А тем временем в городе борьба по-прежнему идет за каждый метр. Главные объекты боев: завод «Баррикады», завод «Красный Октябрь» с русским бастионом – цехом № 4 и «Теннисной ракеткой». На северной отсечной линии наши дивизии ведут тяжелейшие оборонительные бои с непрерывно атакующим противником. Когда в штабах еще блуждала идея прорыва, здесь преждевременно оставили старые, хорошо оборудованные позиции. Спартаковка и Ерзовка в руках противника, и линия обороны пролегает теперь дальше к югу по холмистой местности. Высоты «Гриб» и «Эрика», а дальше к западу овраг у Котлубани каждый день становятся свидетелями новых атак, новых контрударов и новых потерь. Только на дороге Ерзовка – Сталинград, на так называемом танковом маршруте, валяется более двадцати подбитых танков всех типов.
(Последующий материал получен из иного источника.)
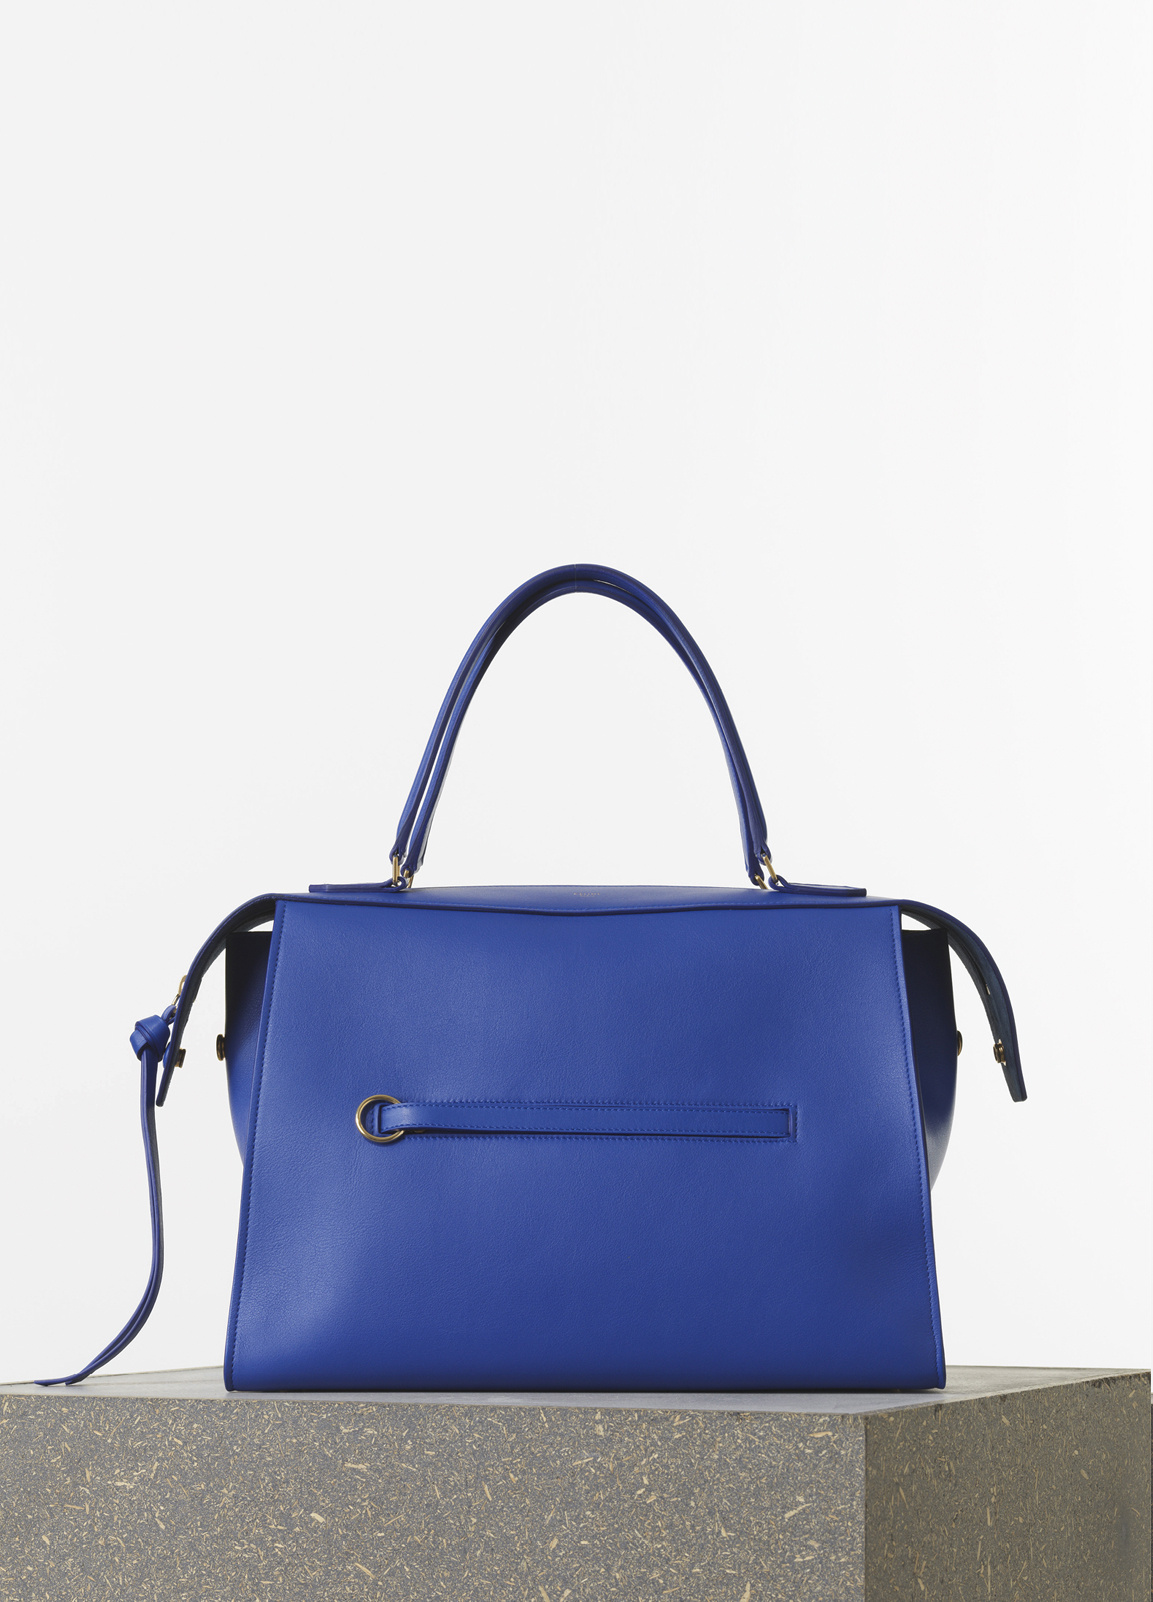 Medium zipped hobo handbag in natural calfskin

На западе внешним фортом «крепости Сталинград» служит Мариновка. Заняв перед этой деревней полукруговую оборону, солдаты майора Виллига отражают русские попытки прорыва. Противник непрерывно усиливается, при последней атаке на эту деревню действовали 123 реактивные установки. Тем не менее фронт пока удерживается и здесь. Удерживаются позиции и на юге при таком же натиске и ценой таких же потерь.
Жизненный центр 6-й армии по-прежнему Питомник. Здесь, на аэродроме, приземляются самолеты, доставляющие нам самое необходимое. По высочайшему приказу снабжение 6-й армии поручено теперь генерал-фельдмаршалу Мильху. Но наши запасы патронов, снарядов и горючего столь малы, а пустота в наших желудках столь велика, что даже генералу с такой «питательной» фамилией{31} не заполнить их. Вражеская противовоздушная оборона зримо становится все сильнее, черные облачка разрывов зенитных снарядов окантовывают котел. К тому же ухудшилась погода, число прилетающих «юнкерсов», «хейнкелей» и «кондоров» с каждым днем сокращается. Мы часто видим, как самолеты летят дальше на восток, за Волгу, и не возвращаются назад. Запеленгованные противником и ложно наводимые им, они, вероятно, при такой погоде приземляются где-нибудь на его аэродромах. Последствия для нас ясны. Ремень затягивается еще туже, автотранспорт сокращается еще более жестко, а стрельба по противнику почти прекращается. Врачам не хватает патентованных лекарств, аспирина, йода, касторки. Терпи и харкай – вот тебе эрзац лечения. Но так не вылечишься.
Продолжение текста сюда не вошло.